_What you will do_:
Starting at the line that contains "Negra Gedou no", return every line through the end of the data exactly, without pictures.

Start of Dataset content

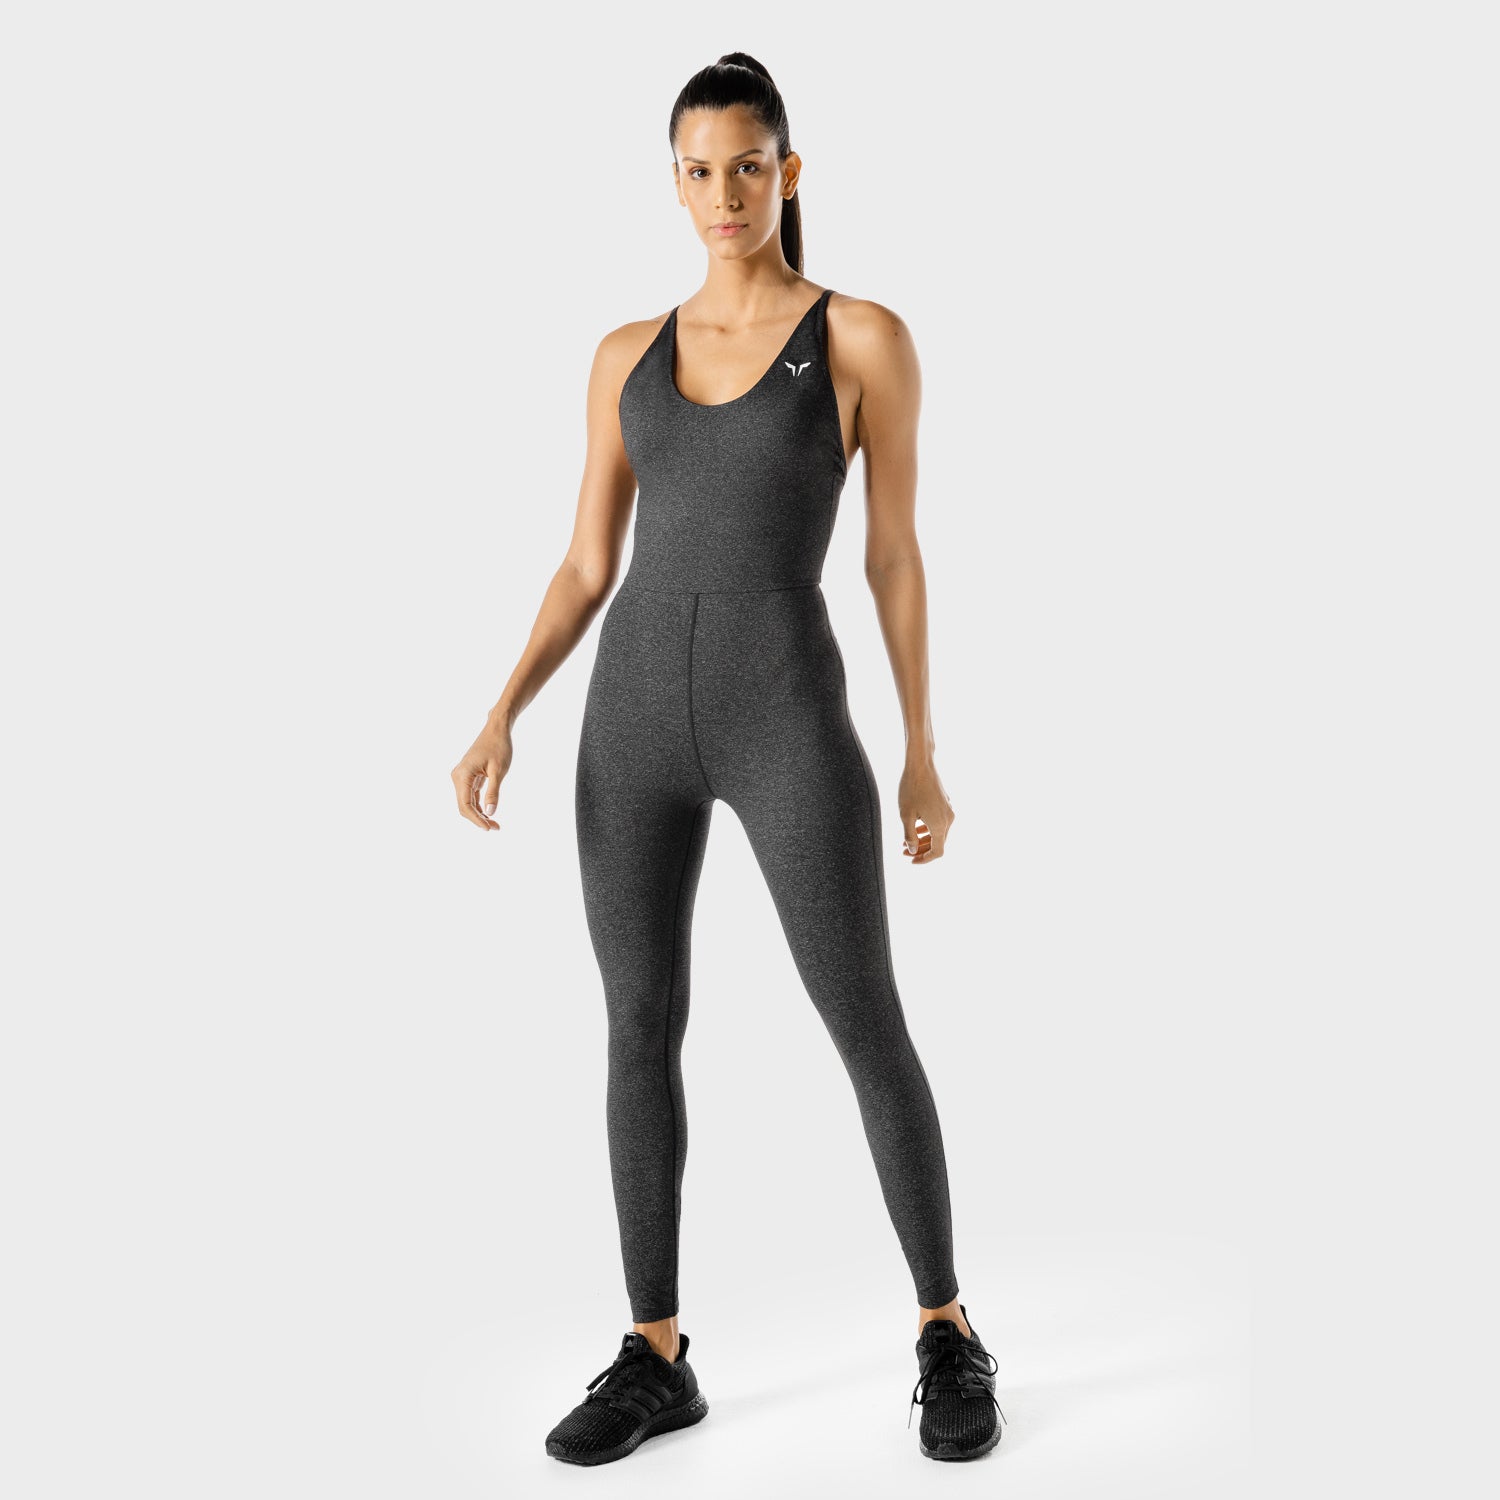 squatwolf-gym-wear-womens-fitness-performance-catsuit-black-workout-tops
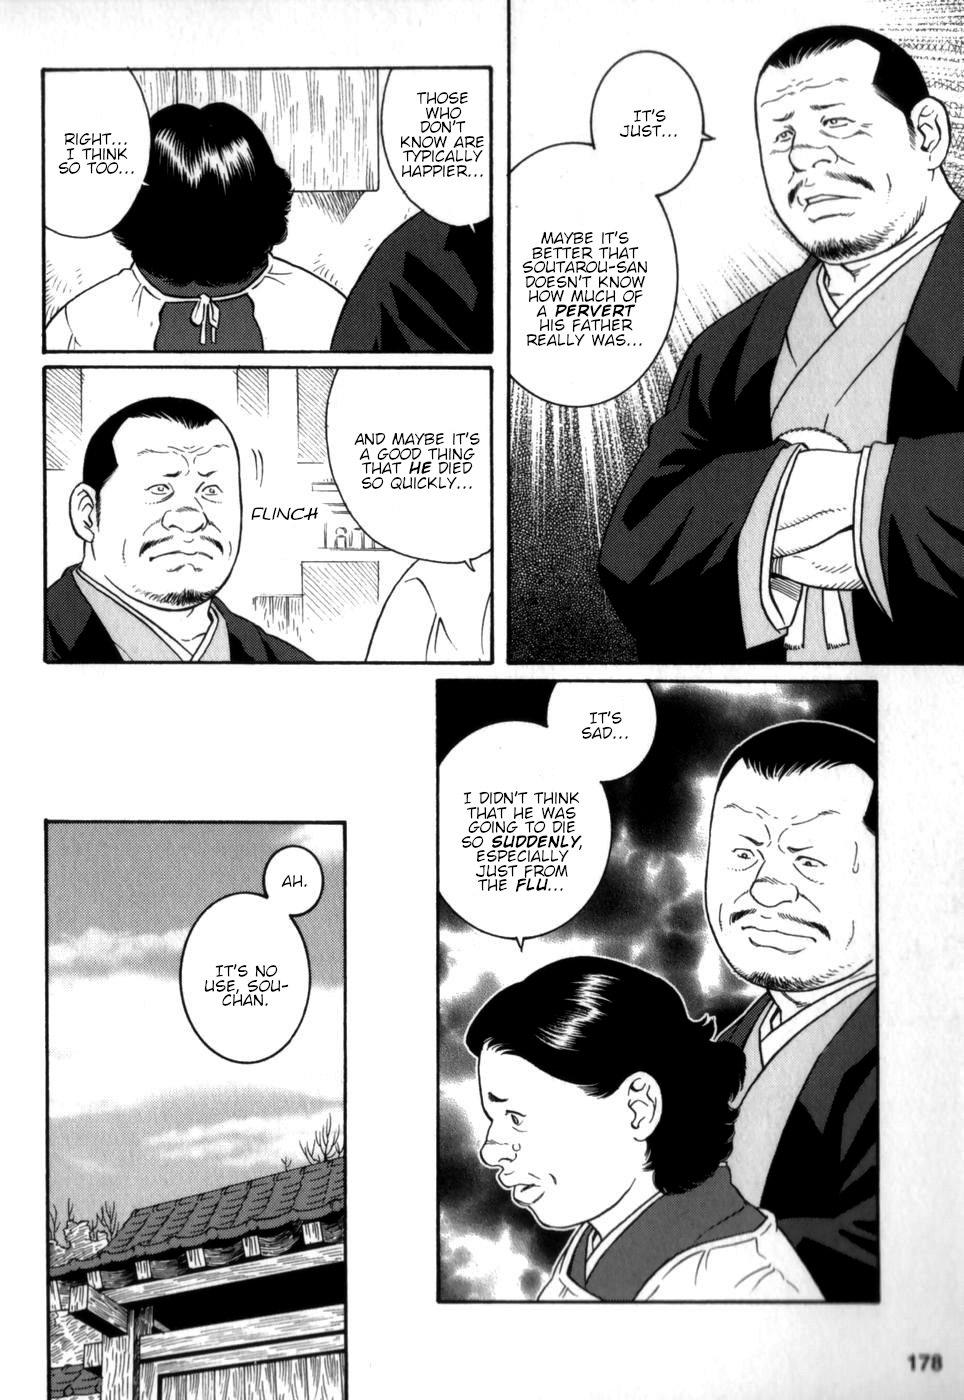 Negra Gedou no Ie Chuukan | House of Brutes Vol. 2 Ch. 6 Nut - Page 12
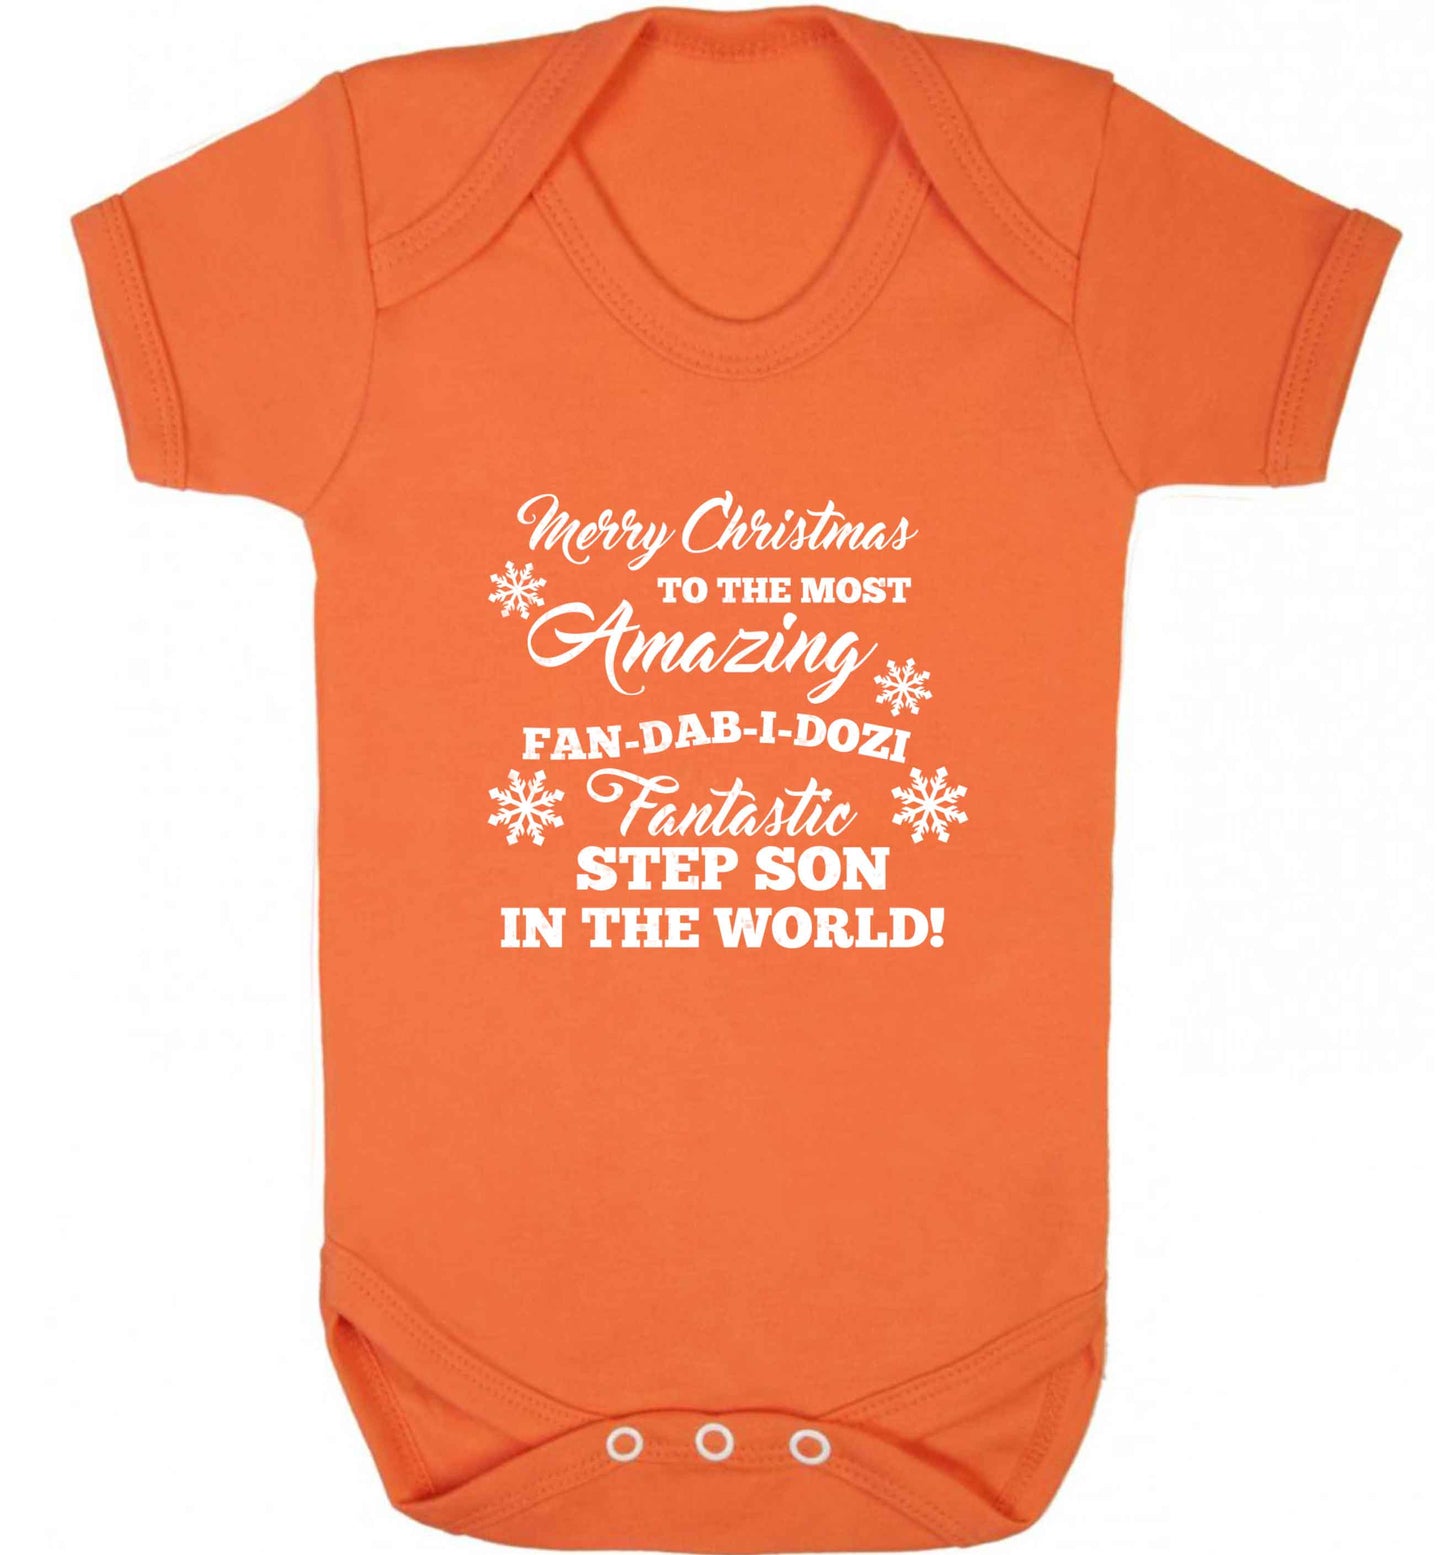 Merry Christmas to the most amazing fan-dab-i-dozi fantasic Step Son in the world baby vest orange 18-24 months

End of Dataset content

_Solution_:
 Negra Gedou no Ie Chuukan | House of Brutes Vol. 2 Ch. 6 Nut - Page 12
 Merry Christmas to the most amazing fan-dab-i-dozi fantasic Step Son in the world baby vest orange 18-24 months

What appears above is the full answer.